- **Aim of the task**
Please restate each line of the data below exactly. Omit all images.

- **Collected material**
————

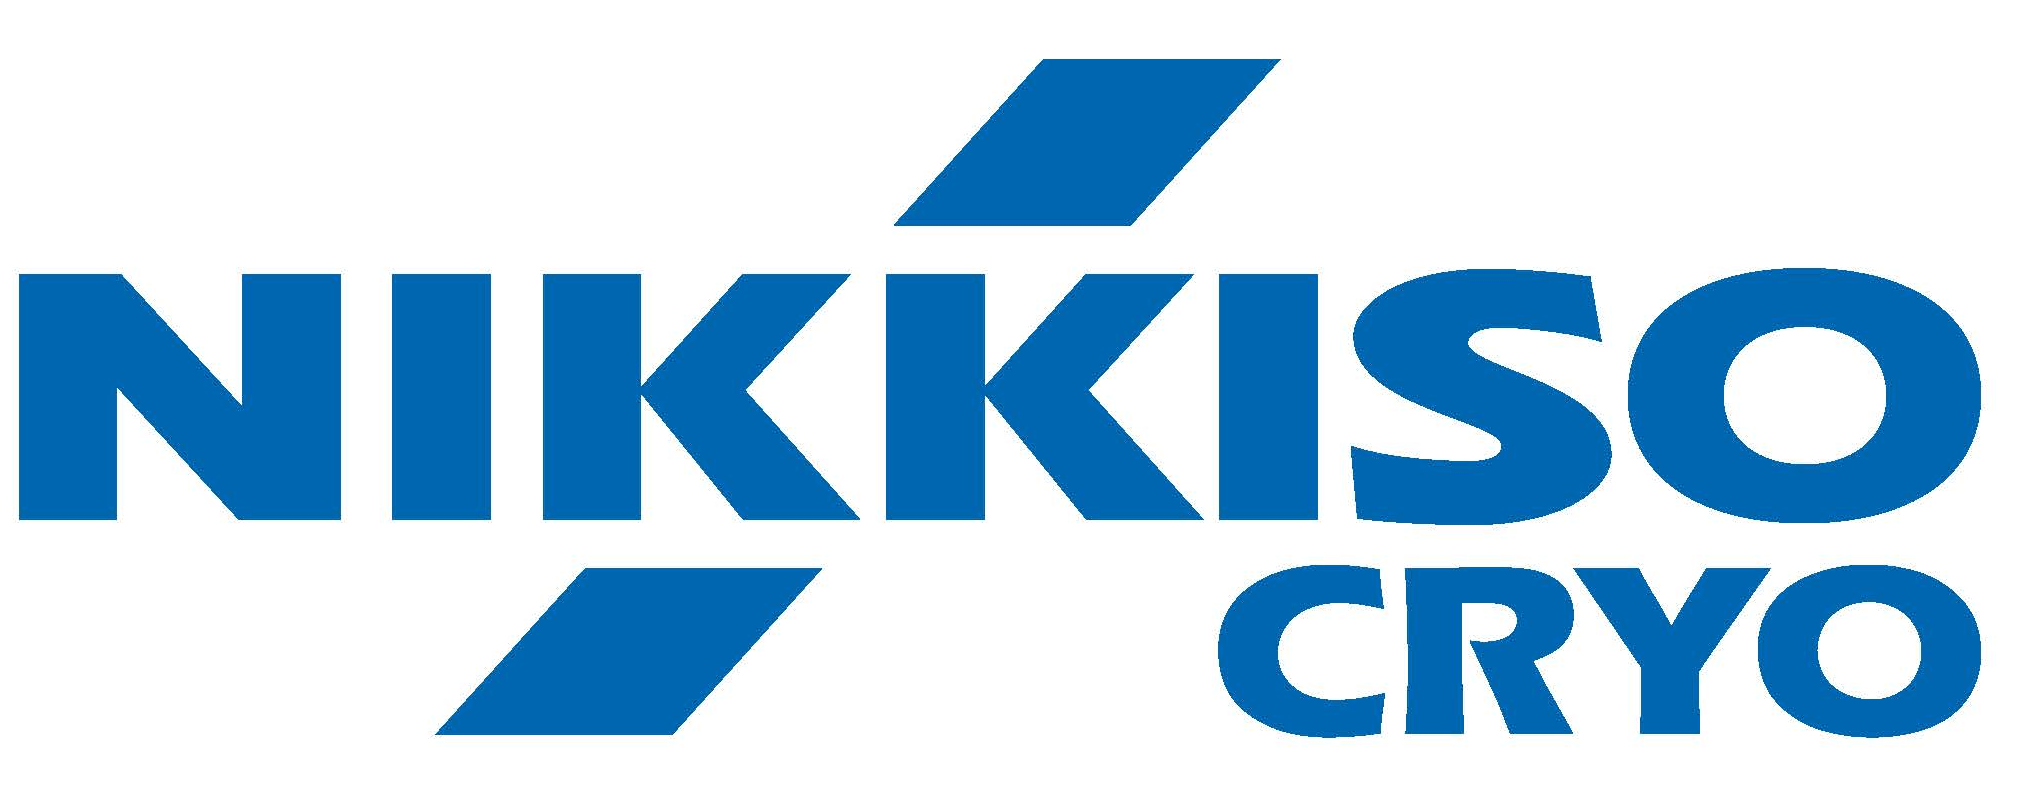 Cryogenic Logo - Nikkiso Careers
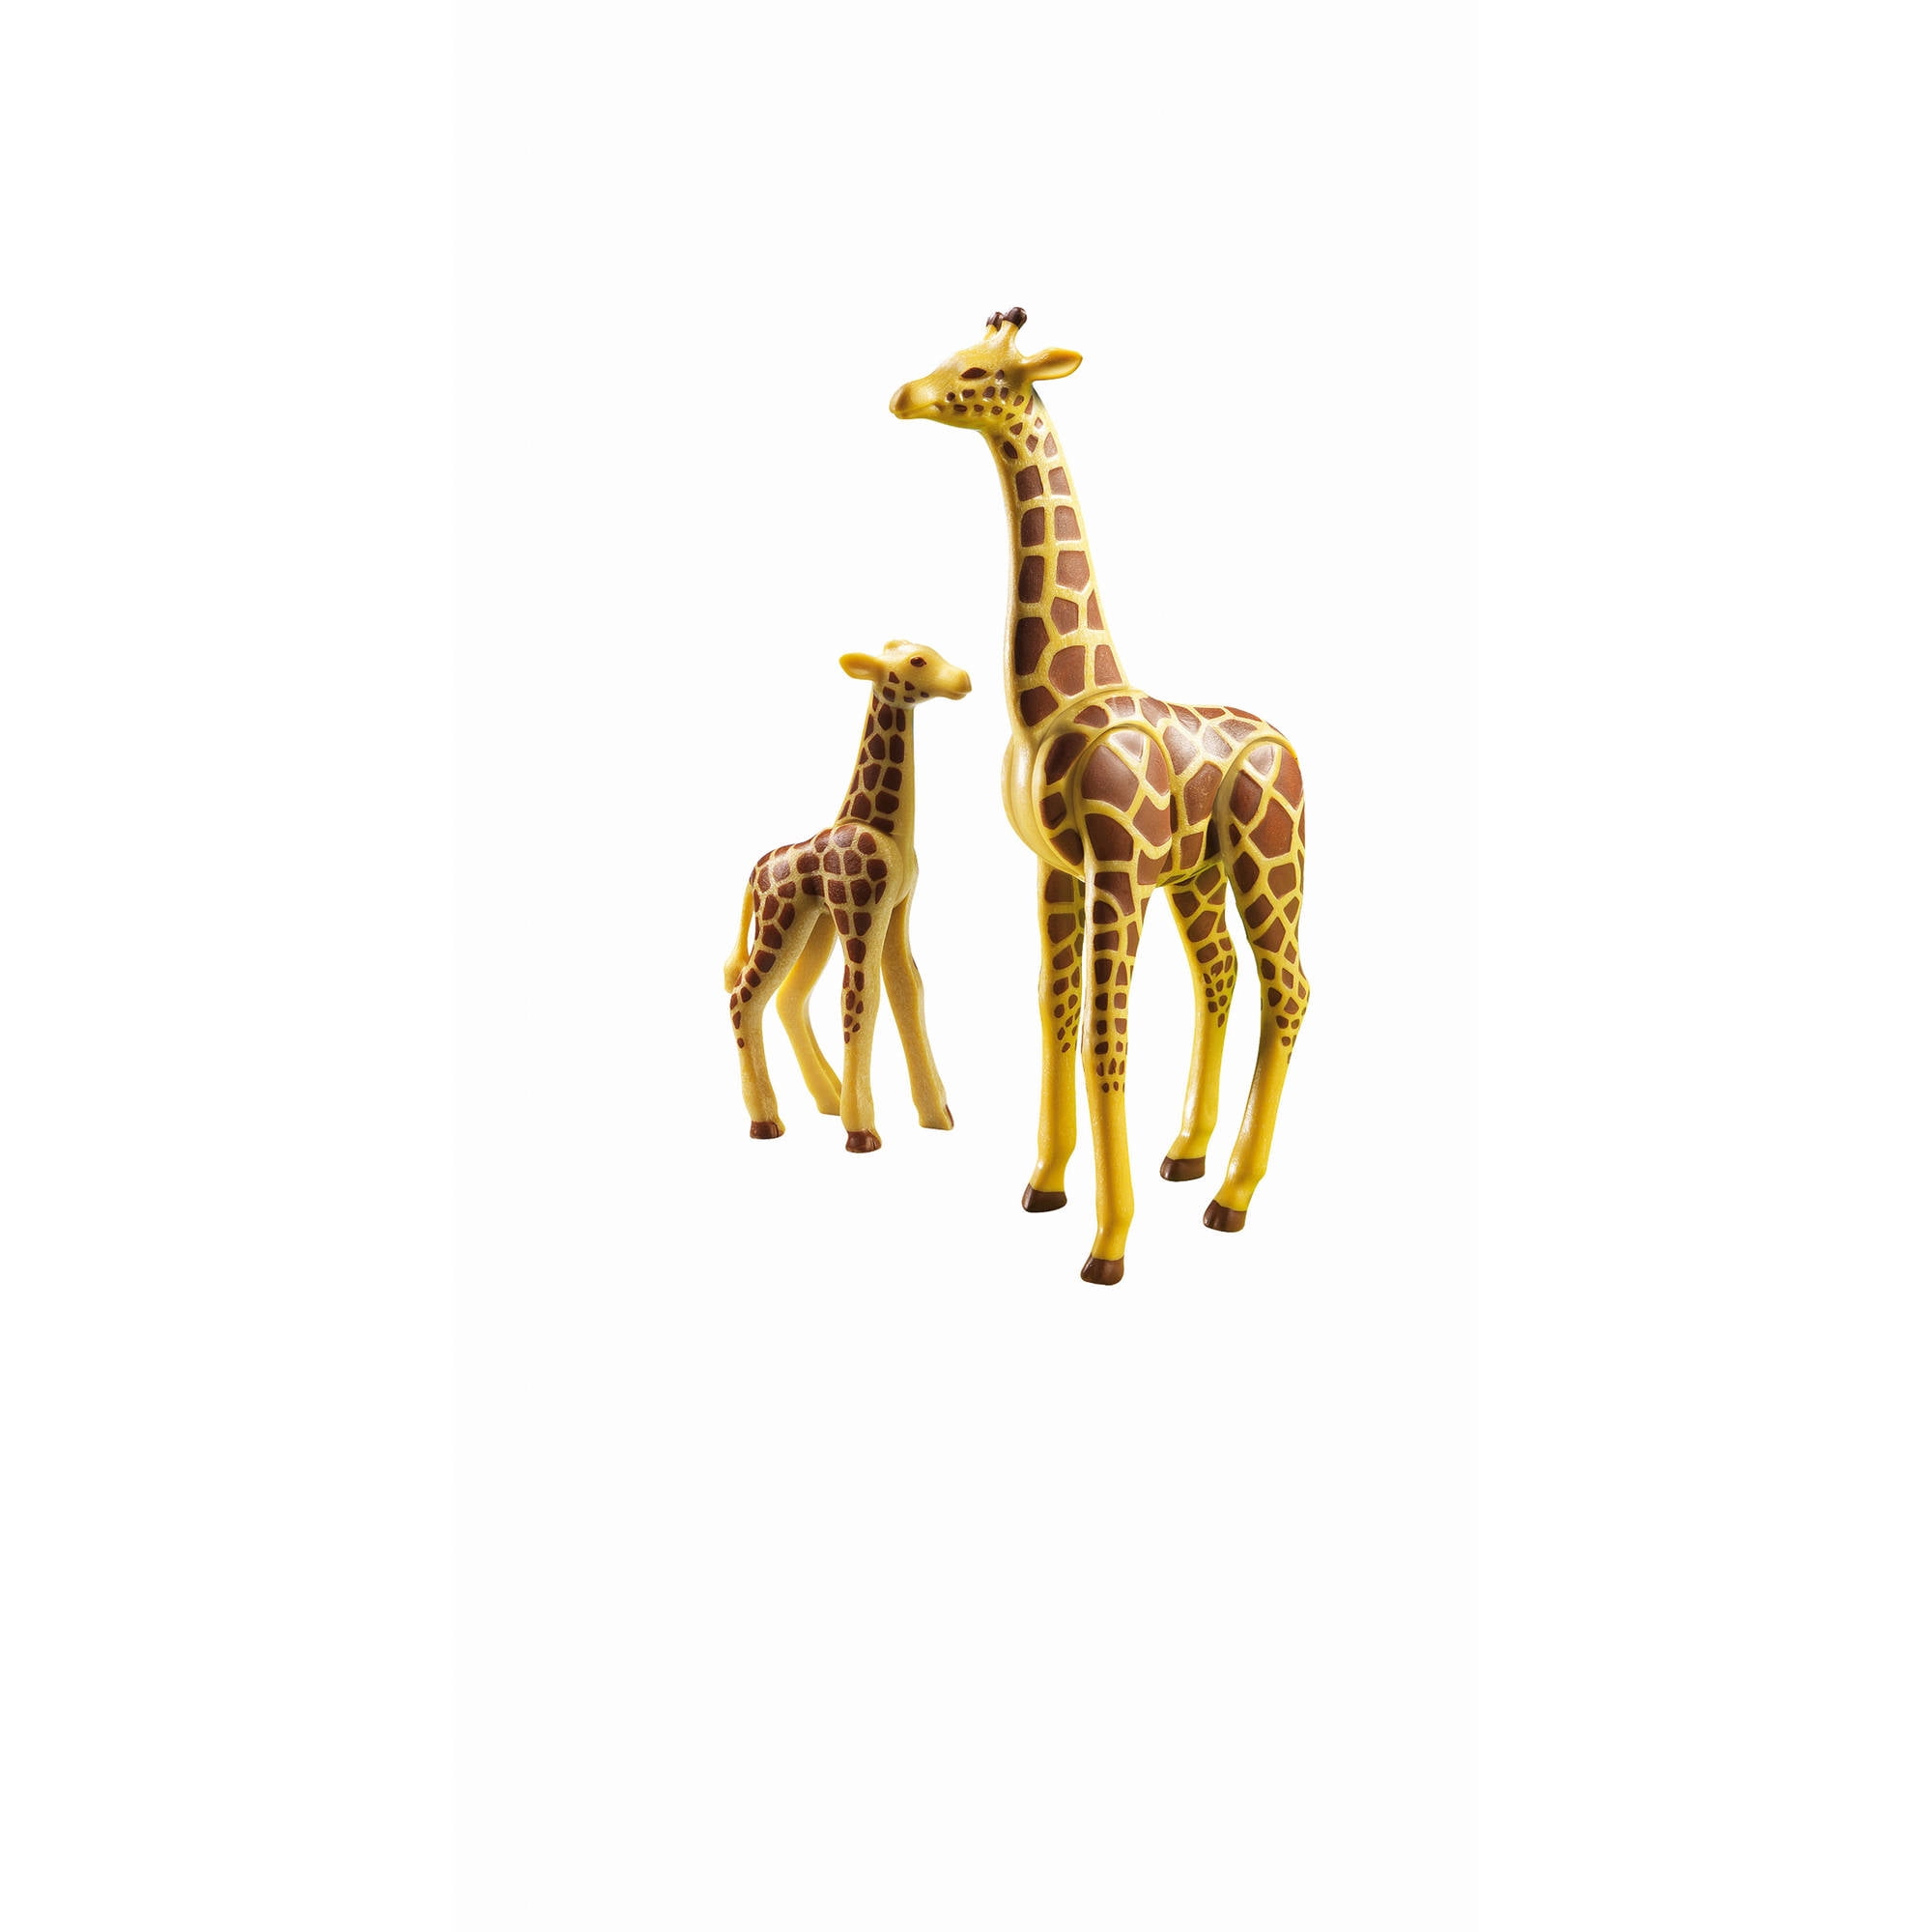 Baby giraffe NEW Playmobil Zoo/safari/wildlife animal 
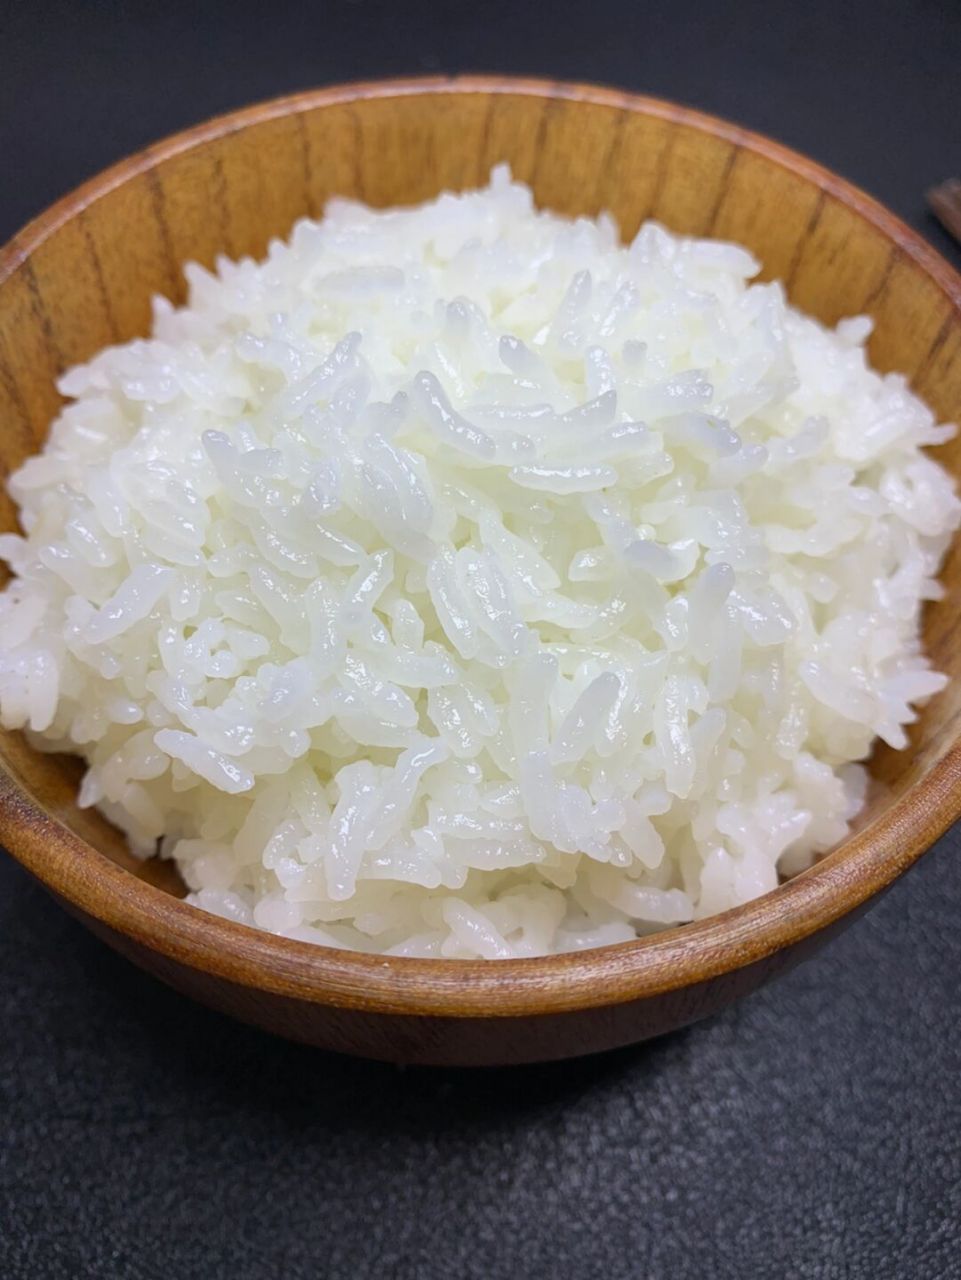 白米饭图片 真实图片
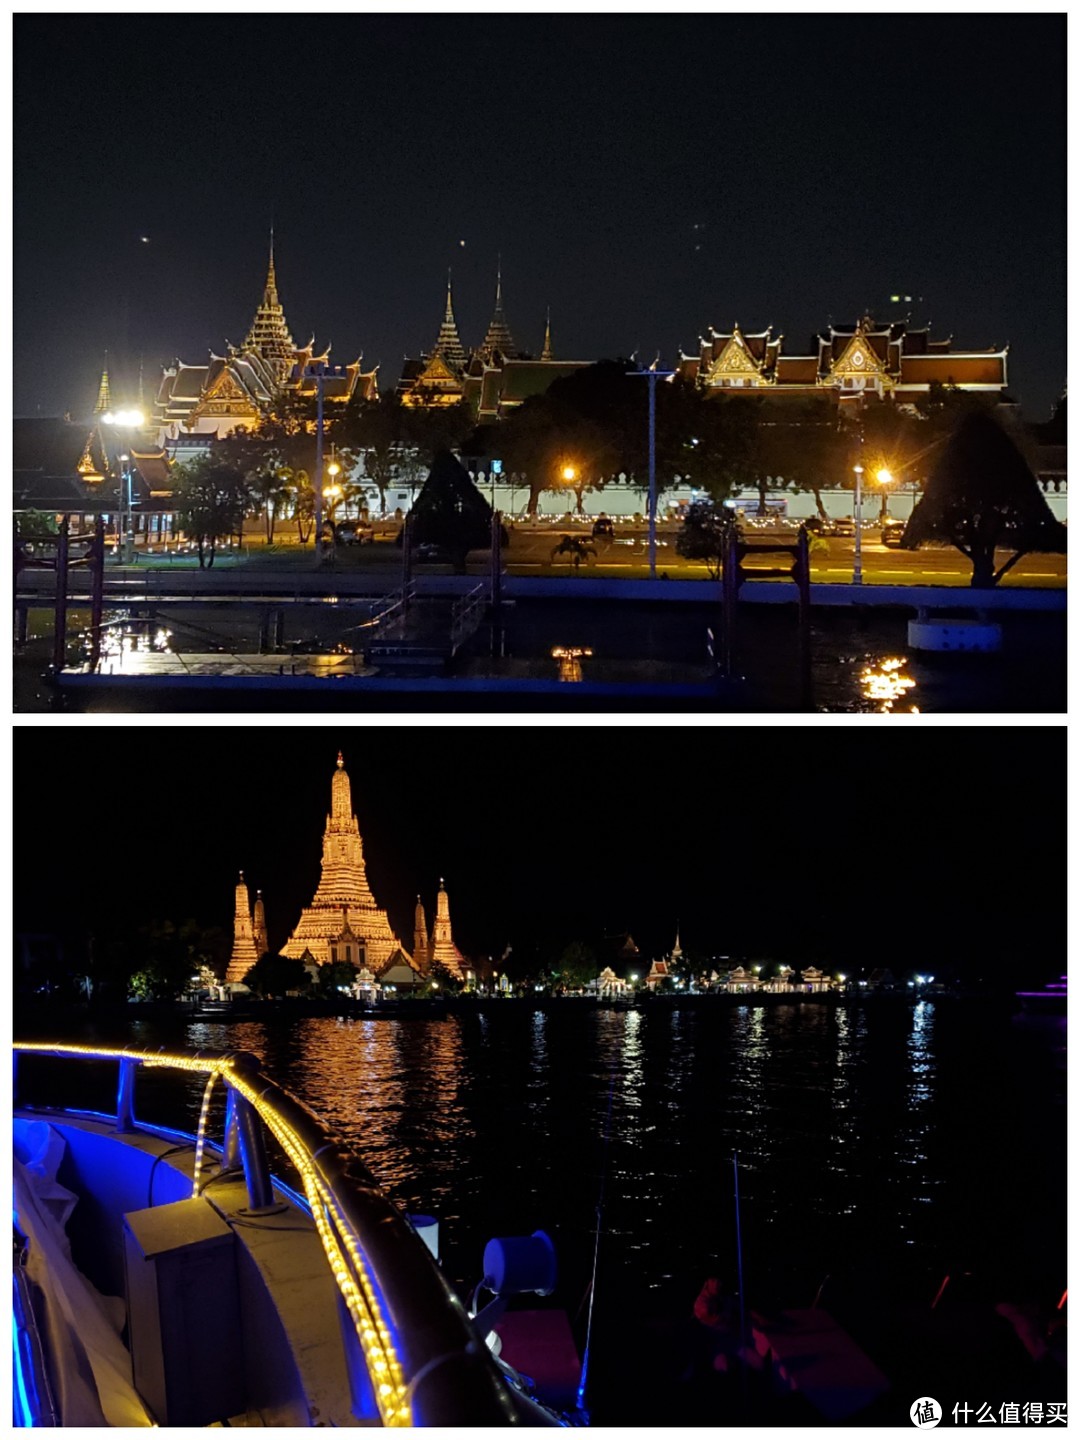 夜游湄南河时看到的大皇宫、郑王庙夜景

————

- **Exercise response**
 Cryogenic Logo - Nikkiso Careers
 Baby giraffe NEW Playmobil Zoo/safari/wildlife animal 
 白米饭图片 真实图片
 夜游湄南河时看到的大皇宫、郑王庙夜景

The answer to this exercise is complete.